- _Instructions for the task_: From the entries below, retype only the lines from the one with "乃木坂46・能條愛未、アイドルの私を封印!「役者としての姿を見てほしい」" through the one with "Hotelarchitect Maxim Winkelaar", exactly as written.

- _Source information_:
• • • • •
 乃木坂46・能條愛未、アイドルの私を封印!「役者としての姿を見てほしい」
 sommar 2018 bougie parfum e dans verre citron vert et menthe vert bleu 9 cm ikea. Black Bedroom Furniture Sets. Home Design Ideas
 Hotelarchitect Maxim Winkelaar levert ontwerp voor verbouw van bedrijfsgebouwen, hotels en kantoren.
• • • • •
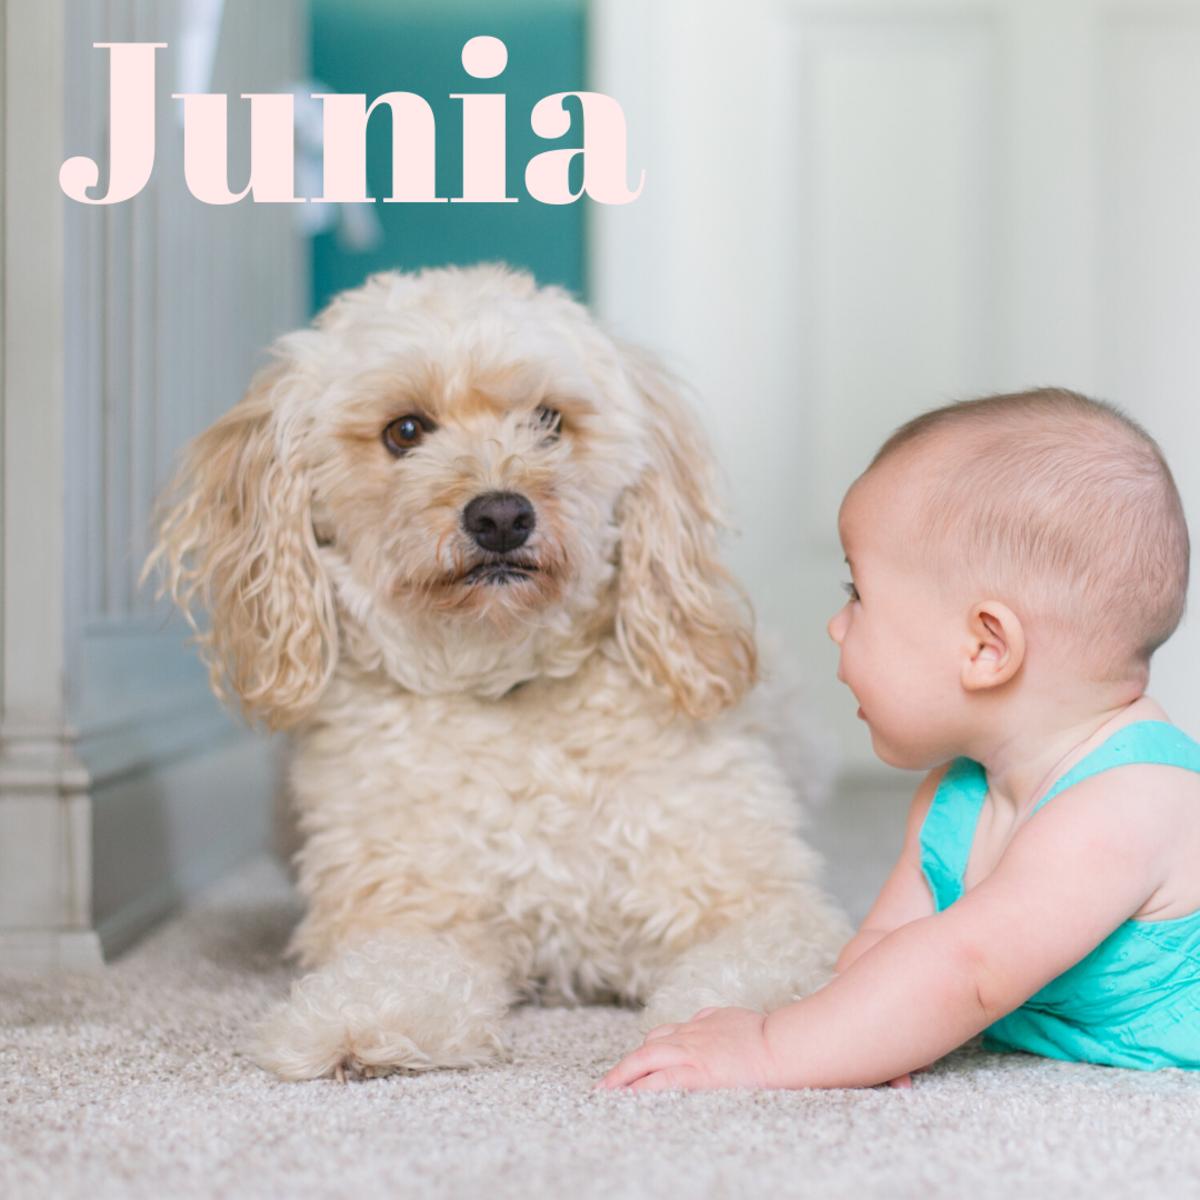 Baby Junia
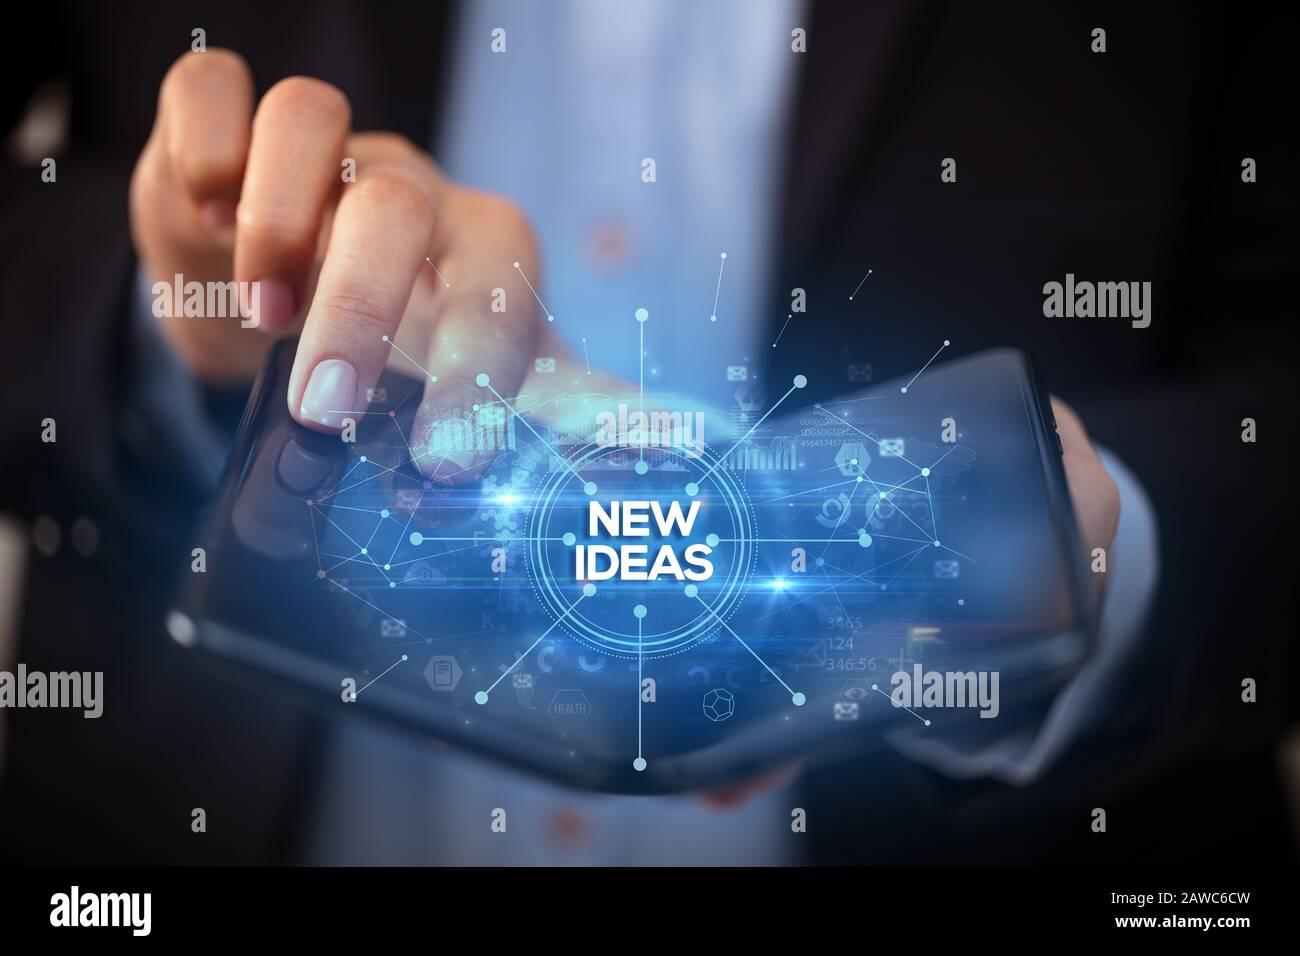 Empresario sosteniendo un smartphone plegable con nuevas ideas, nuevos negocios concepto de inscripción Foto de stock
• • • • •
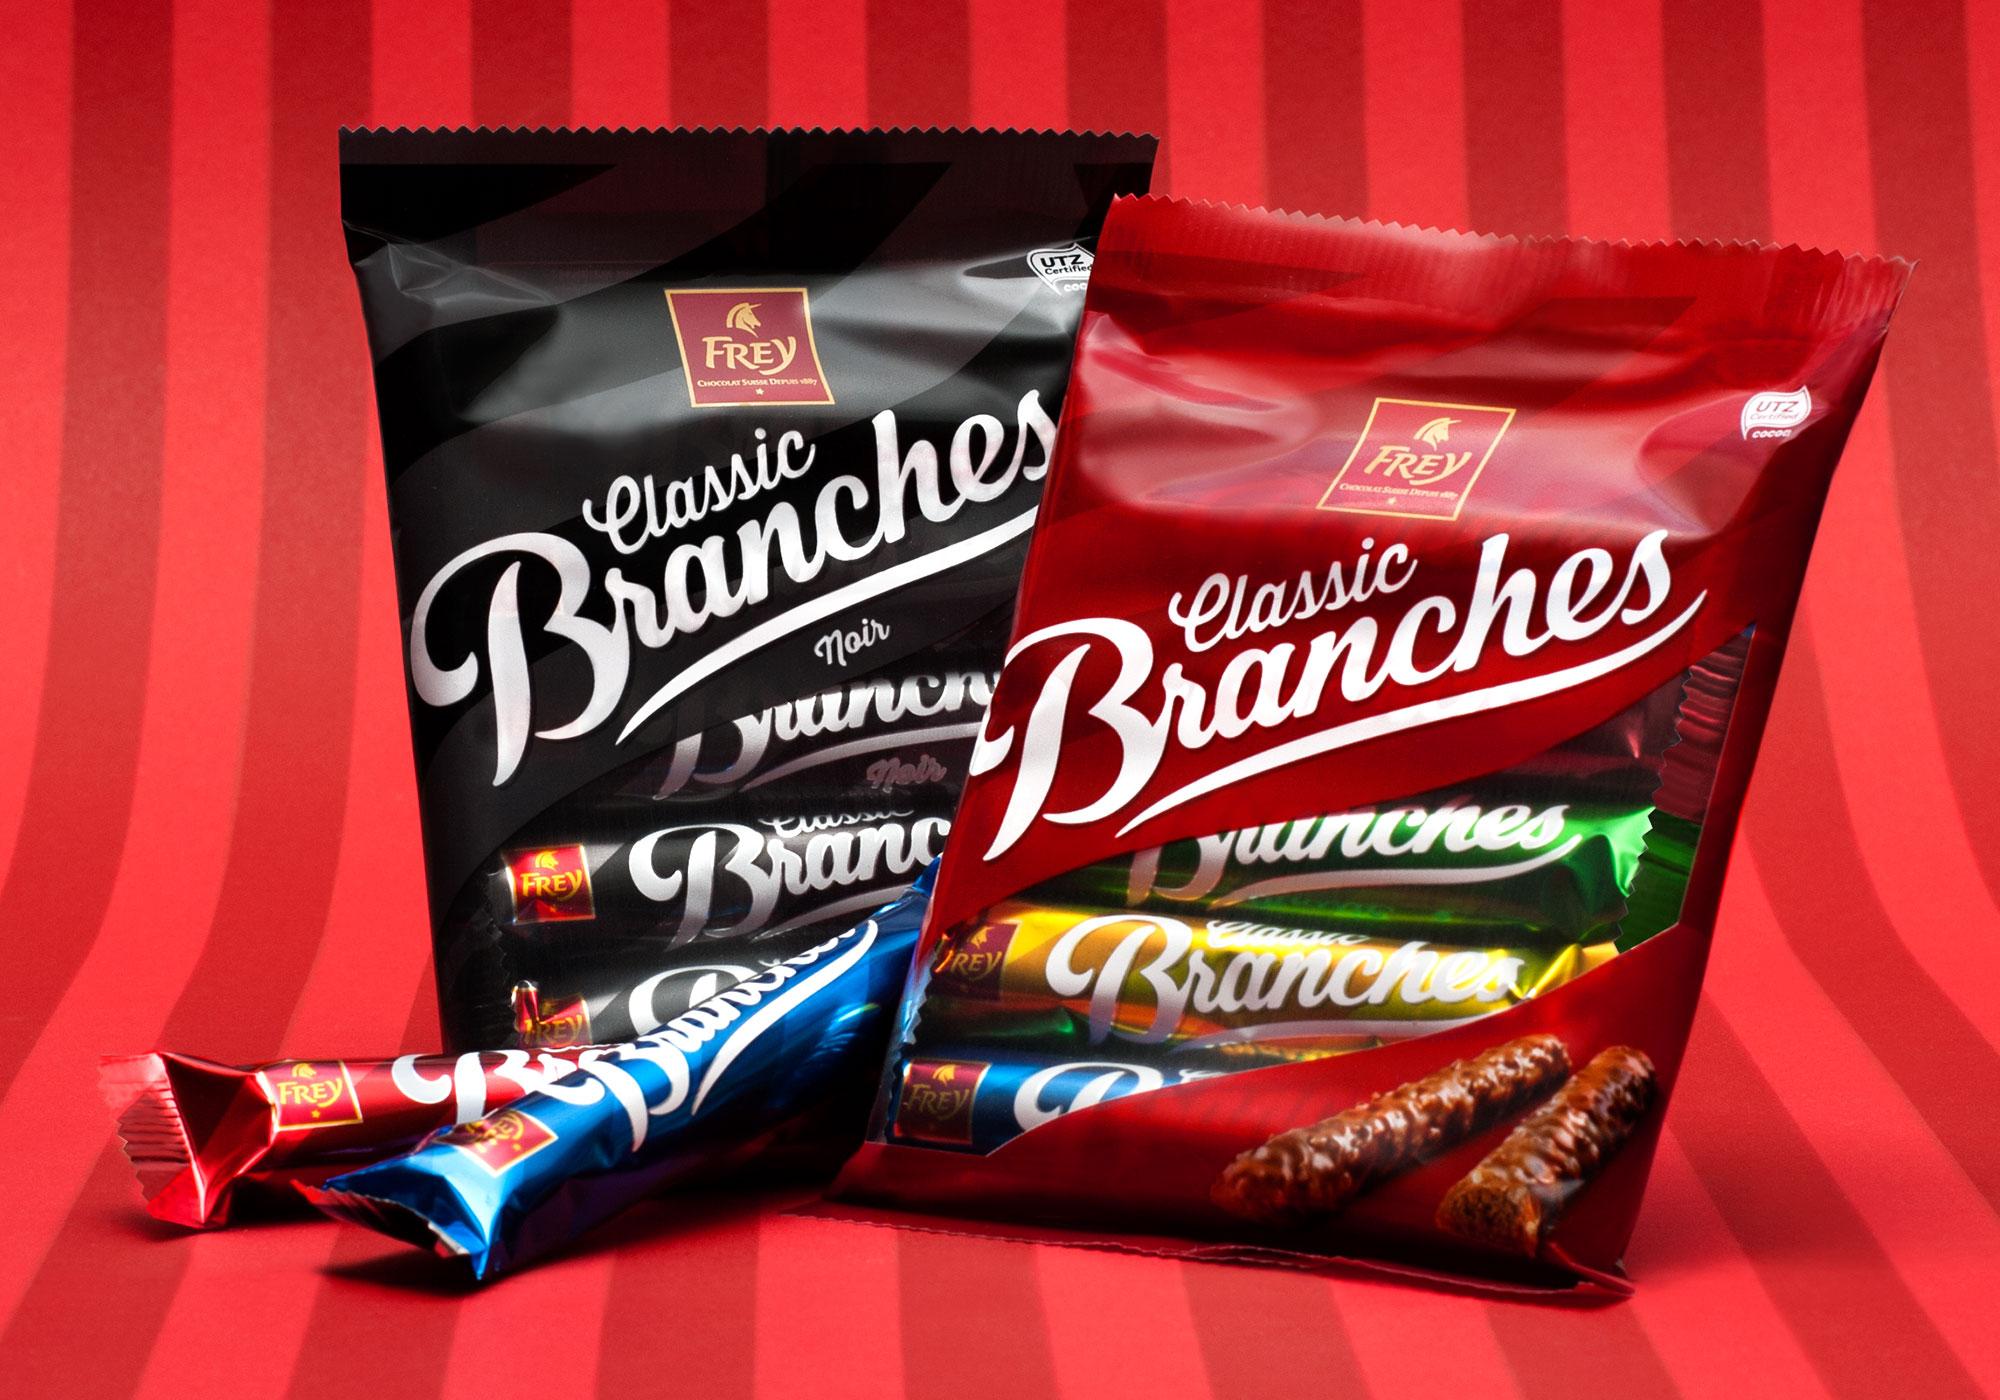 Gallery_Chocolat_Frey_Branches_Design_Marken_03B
• • • • •
- _Expected answer_:
 乃木坂46・能條愛未、アイドルの私を封印!「役者としての姿を見てほしい」
 sommar 2018 bougie parfum e dans verre citron vert et menthe vert bleu 9 cm ikea. Black Bedroom Furniture Sets. Home Design Ideas
 Hotelarchitect Maxim Winkelaar levert ontwerp voor verbouw van bedrijfsgebouwen, hotels en kantoren.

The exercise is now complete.